Single-Pixel Image Reconstruction Based on Block Compressive Sensing and Deep Learning
This work addresses the challenge of implementing deep learning in practical SPI setups, potentially improving image reconstruction for applications like low-light or specialized imaging, though it is incremental as it builds on existing CS and deep learning techniques.
The paper tackled the problem of reconstructing images from single-pixel imaging (SPI) by combining block compressive sensing (BCS) with a convolutional neural network model, achieving superior performance over other compressive sensing algorithms and enabling reconstruction of images of varying sizes and from different domains.
Single-pixel imaging (SPI) is a novel imaging technique whose working principle is based on the compressive sensing (CS) theory. In SPI, data is obtained through a series of compressive measurements and the corresponding image is reconstructed. Typically, the reconstruction algorithm such as basis pursuit relies on the sparsity assumption in images. However, recent advances in deep learning have found its uses in reconstructing CS images. Despite showing a promising result in simulations, it is often unclear how such an algorithm can be implemented in an actual SPI setup. In this paper, we demonstrate the use of deep learning on the reconstruction of SPI images in conjunction with block compressive sensing (BCS). We also proposed a novel reconstruction model based on convolutional neural networks that outperforms other competitive CS reconstruction algorithms.
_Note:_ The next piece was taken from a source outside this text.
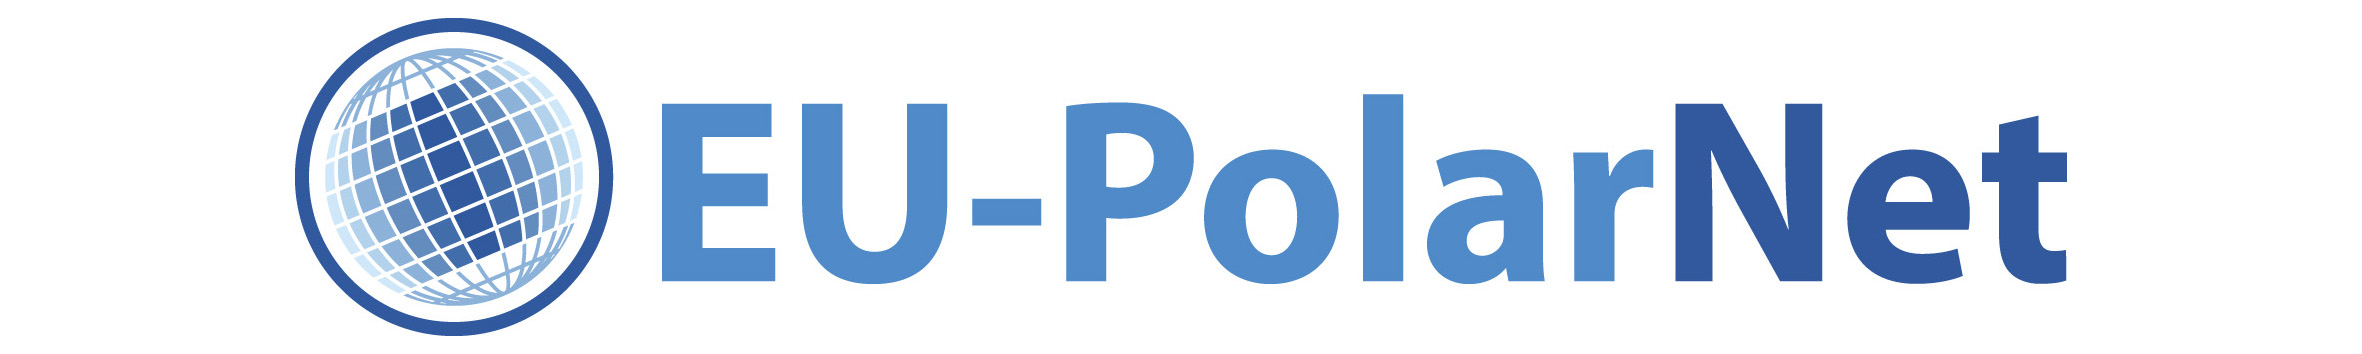 6 2Eu Polarnet logo

Besides, by incorporating BCS in our deep learning model, we were able to reconstruct images of any size above a certain smallest image size. In addition, we show that our model is capable of reconstructing images obtained from an SPI setup while being priorly trained on natural images, which can be vastly different from the SPI images. This opens up opportunity for the feasibility of pretrained deep learning models for CS reconstructions of images from various domain areas.